La Lombardia poi è stata per secoli, a partire dal tardo Rinascimento, terra di appartenenza di pittori votati interamente alla natura, e in specie alla natura morta, tra i quali il più grande interprete è stato Caravaggio, milanese di nascita, ma giù giù fino alla fine dell‘Ottocento e ancora addentrandoci nel Novecento il gusto degli artisti e la loro tecnica sono cimentati nell‘impresa di ricostruire con i pennelli il mondo naturale che li aveva interessati e affascinati.
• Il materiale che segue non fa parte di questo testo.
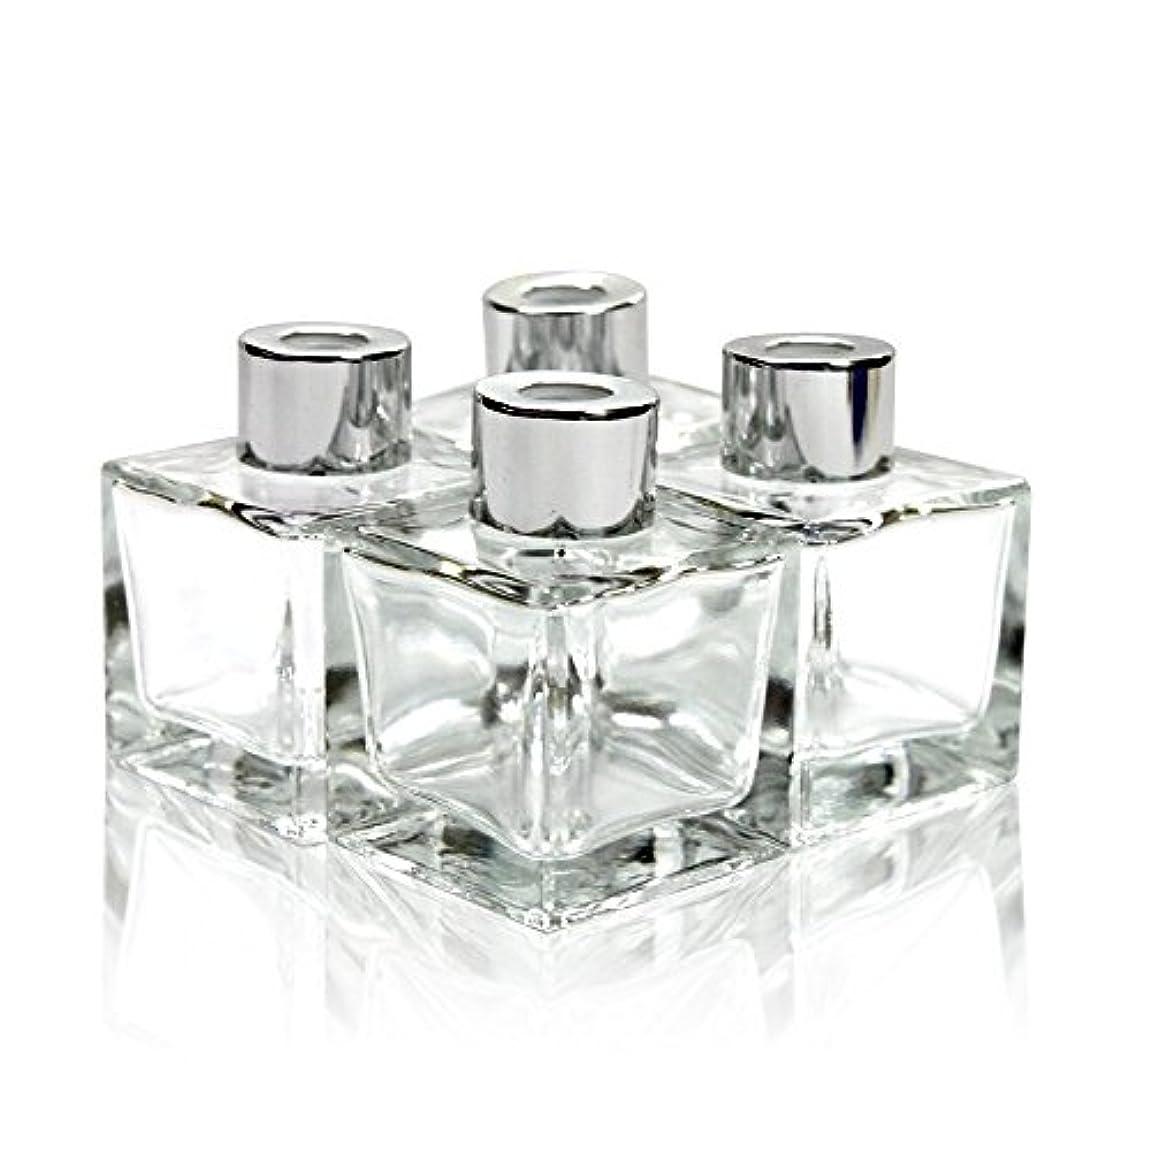 ハッピー倍増時々時々Feel Fragrance リードディフューザー用 リードディフューザーボトル 容器 透明 蓋付き 4本セット50ML方形 (GB-50)

In questo solco tracciato da così lontano si incontra oggi anche la pittura di Caterina Plodari. La sua ricerca espressiva è partita da lontano e progressivamente ha raggiunto una maturità stilistica che ora possiamo ammirare nella capacità di fondere, forse inconsapevolmente, tutte le istanze che hanno costituito nel tempo la pittura di natura.
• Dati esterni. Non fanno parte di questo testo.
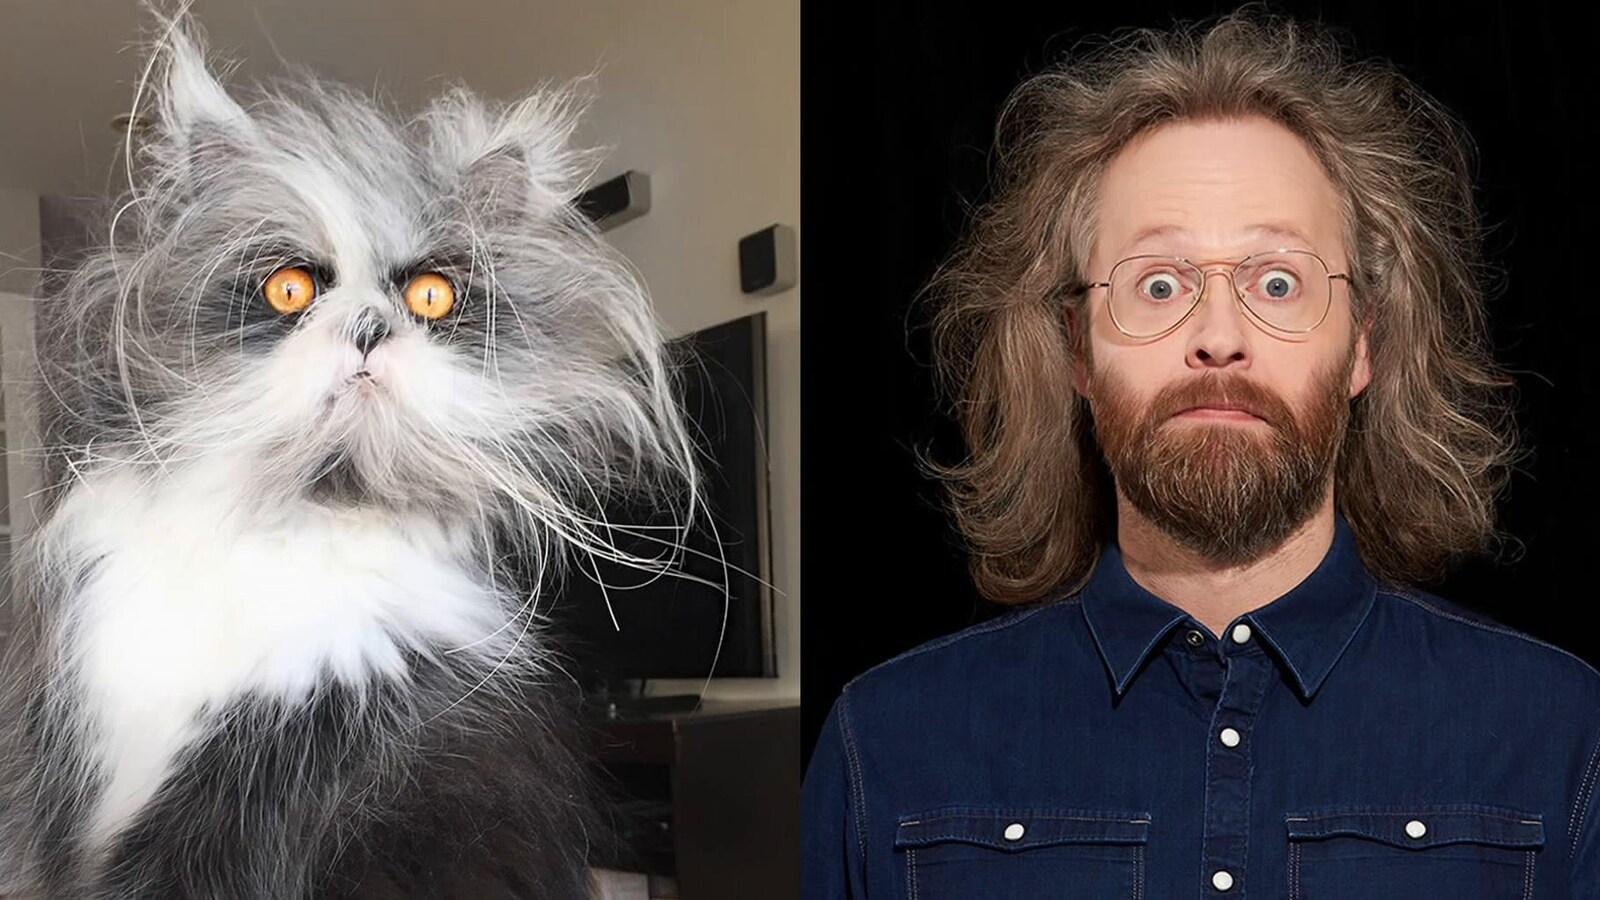 Le chat Atchoum affiche un poil hirsute et des yeux étonnés, qui ne sont pas sans rappeler l'humoriste.

Fiori e frutta, paesaggi e composizioni ci sono presentati nella loro verità fattuale ma trasfigurati e, per quanto veritieri essi denunciano immediatamente nel tratto sfaldato, nella sovrapposizione delle linee di contorno, insomma in quel non stare ai patti della tecnica di rappresentazione mimetica della realtà che tanto era cara ai pittori dell‘accademia, dal Seicento alla fine dell‘Ottocento, la loro esistenza autonoma. Sembrerebbe di poter dire che Caterina Plodari è partita da quella pittura di ricerca e di impressione luministica e di atmosfere tipiche della seconda metà dell‘Ottocento. La sua pittura ci racconta la bellezza delle composizioni floreali e della natura morta e la suggestione di paesaggi evocati senza che necessariamente si debba andare con la mente a richiamare il dove e il quando queste visioni sono esistite davvero.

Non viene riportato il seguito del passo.